Los humanos tenemos dos sistemas interconectados pero independientes para procesar la información y llegar a nuestras respuestas y opiniones. El primero, llamado automático, opera con rapidez, sin esfuerzo y de manera inconsciente. El otro es el sistema reflexivo, que no se guía por la sensación sino por la lógica y la razón. Nos permite tener en cuenta las ideas abstractas y contemplar el futuro antes de elegir.

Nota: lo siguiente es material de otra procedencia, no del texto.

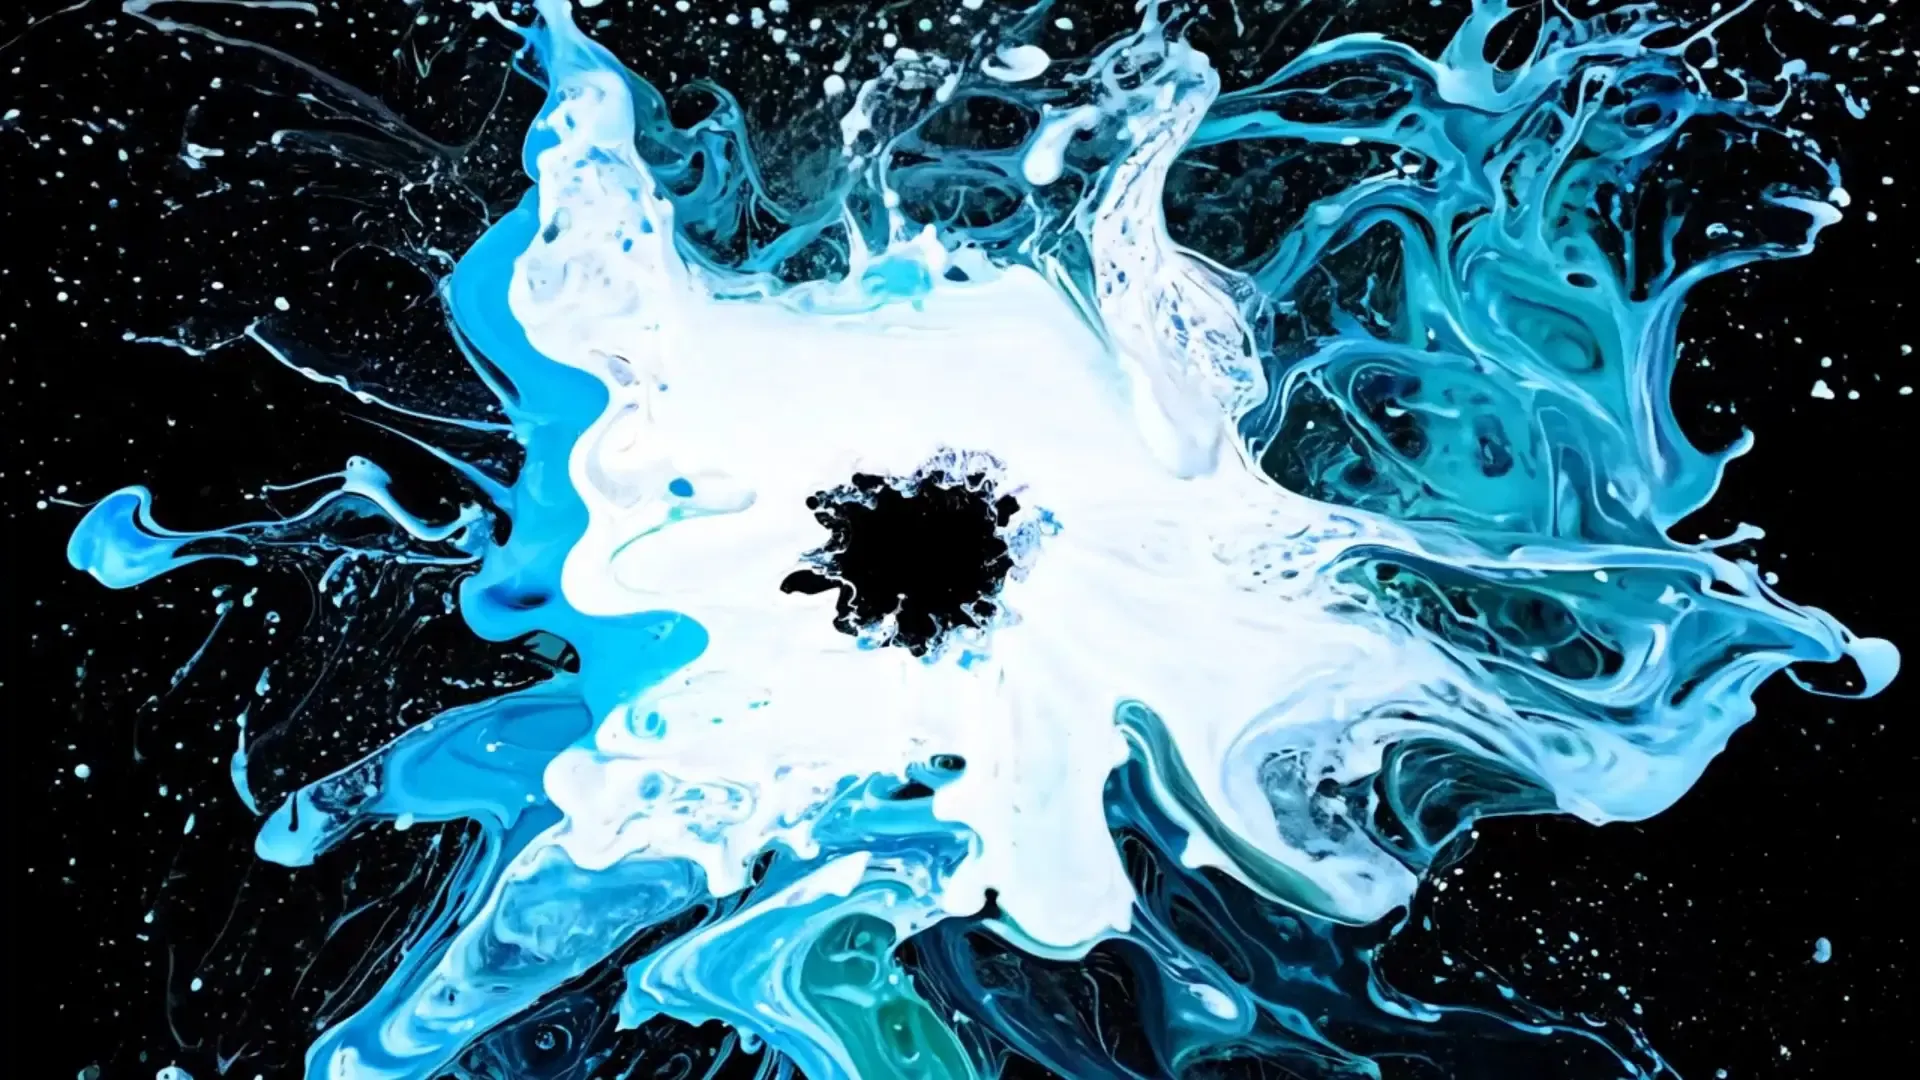 Splash Effect Logo Animation Background with Dynamic Energy

Por ejemplo, a la hora de entrevistar candidatos, casi todos los entrevistadores introducen la pregunta "hábleme de usted mismo" y muchos se basan únicamente en ella para evaluar a los candidatos. Las entrevistas tradicionales que giran en torno a esta pregunta son en realidad la herramienta menos útil para predecir en el futuro el buen rendimiento de un candidato. Esto se debe a que los entrevistadores, a menudo, deciden de manera inconsciente a favor o en contra del aspirante durante los primeros momentos de su interacción. Reaccionan más positivamente a las personas que se parecen más a ellos en cuanto a intereses o tipo de personalidad y se pasan el resto de la entrevista buscando pruebas y formulando sus preguntas para confirmar su impresión inicial: "Veo aquí que dejó usted un buen cargo en su anterior trabajo, debe de ser usted muy ambicioso, ¿no?", en vez de "Usted no debe respetar demasiado los compromisos, ¿no?". Un enfoque más estructurado, como obtener muestras del trabajo anterior del candidato o preguntarle cómo reaccionaría ante hipotéticas situaciones complicadas, son métodos considerablemente mejores para evaluar el futuro rendimiento de candidato.

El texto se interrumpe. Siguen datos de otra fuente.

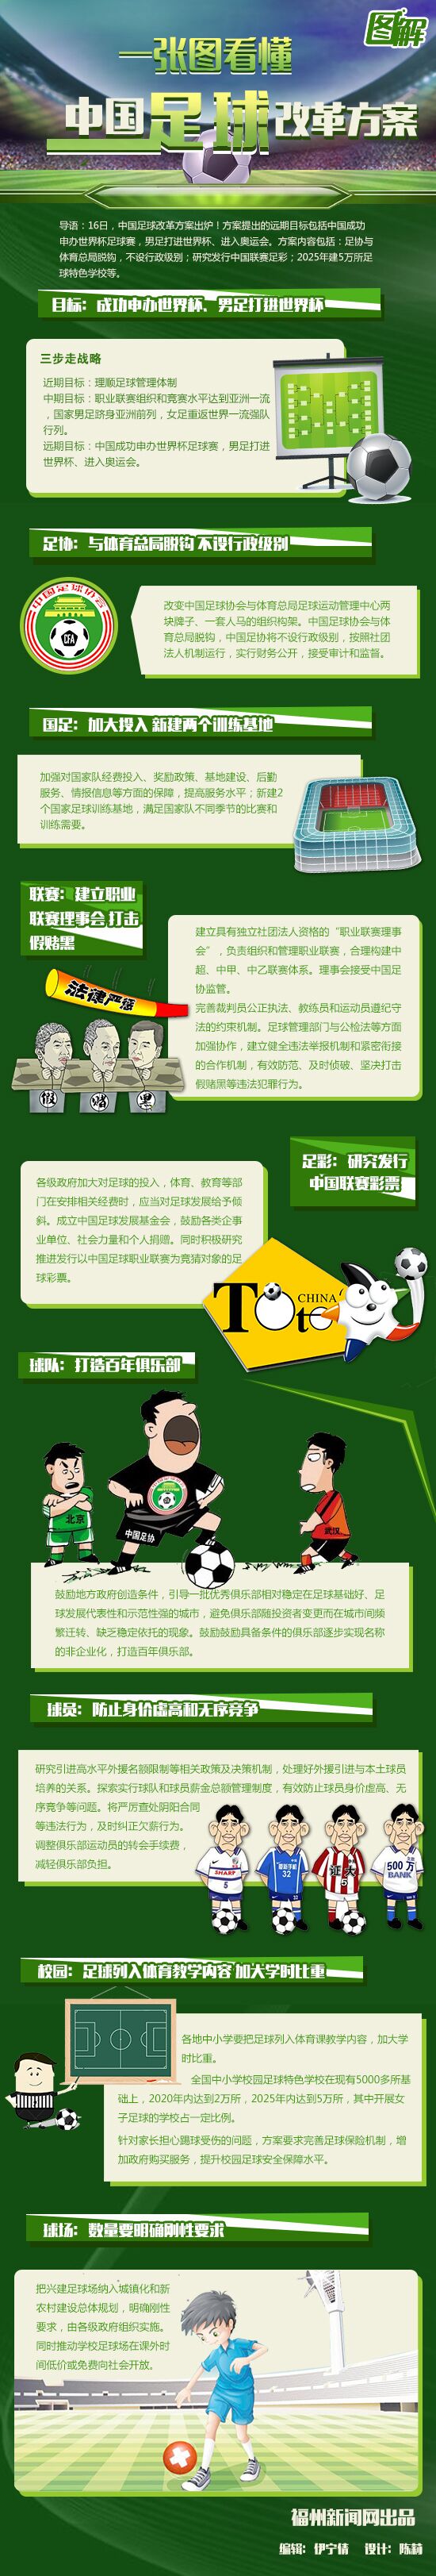 一张图看懂中国足球改革方案

Si queremos sacar el máximo partido de la elección y protegernos de los sesgos, debemos estar dispuestos a sentirnos incómodos. Si queremos mejorar, debemos observar y analizar de manera continua y con sentido crítico nuestra actuación: saber qué hemos hecho mal y cómo podemos mejorarlo. Conviene que nos preguntemos cómo hemos llegado a elegir una preferencia en concreto: ¿estábamos demasiado influidos por una imagen o anécdota potente? ¿Descartamos demasiado rápido una opción porque estaba contextualizada como perdedora? ¿Es posible que imagináramos una tendencia o patrón que en realidad no existe?

Debemos intentar encontrar razones para no elegir lo que de entrada nos atrae. Sería bueno que reuniéramos pruebas contra nuestra propia opinión. Aunque no siempre podremos enfrascarnos en una reflexión extensa antes de elegir, es bueno que reconsideremos nuestra elección una vez hecha. Si bien ya no podemos cambiarla, por el mero hecho de haber descubierto un error lo podremos evitar en el futuro. Todos estamos sujetos a los sesgos en la toma de decisiones, pero también somos capaces de combatirlos sobre la base de atención, persistencia y una dosis saludable de escepticismo.

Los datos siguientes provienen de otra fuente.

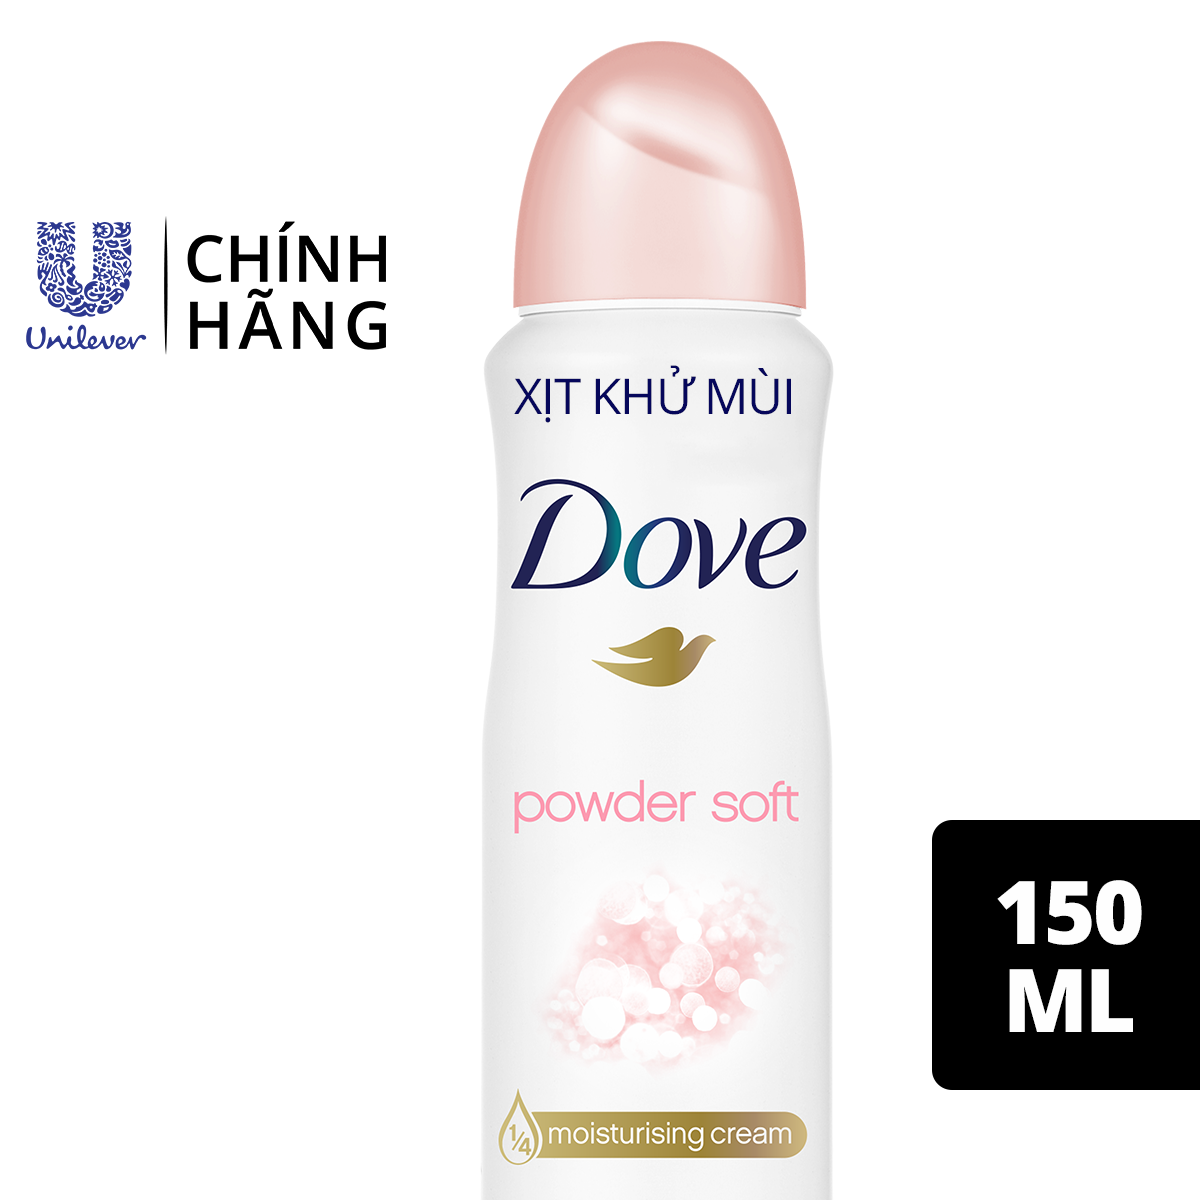 Xịt khử mùi Dove Powder Soft Hương phấn thơm Dưỡng da Sáng mịn dành cho nữ

El proceso de elegir puede resultar confuso y agotador. Hay tantas cosas que tener en cuenta, tanto de que responsabilizarse, que no es sorprendente que a veces deseemos un camino más fácil. El atractivo del derecho a elegir está en la promesa de sus probabilidades casi infinitas, pero estas nos son también desconocidas. Podemos usar decisiones para dar forma a nuestras vidas, pero seguimos enfrentándonos a una gran incertidumbre. De hecho, elegir es algo potente precisamente porque existe la incertidumbre; si el futuro estuviera predeterminado, elegir no tendría tanto valor.

Elegir nos da la oportunidad de sacar el máximo partido de lo que sea que el destino y la casualidad nos ofrecen. Y cuando las cosas no salen como habíamos previsto, elegir nos permite recuperarnos, sobrevivir e incluso prosperar. Elegir nos permite ser los arquitectos de nuestro futuro.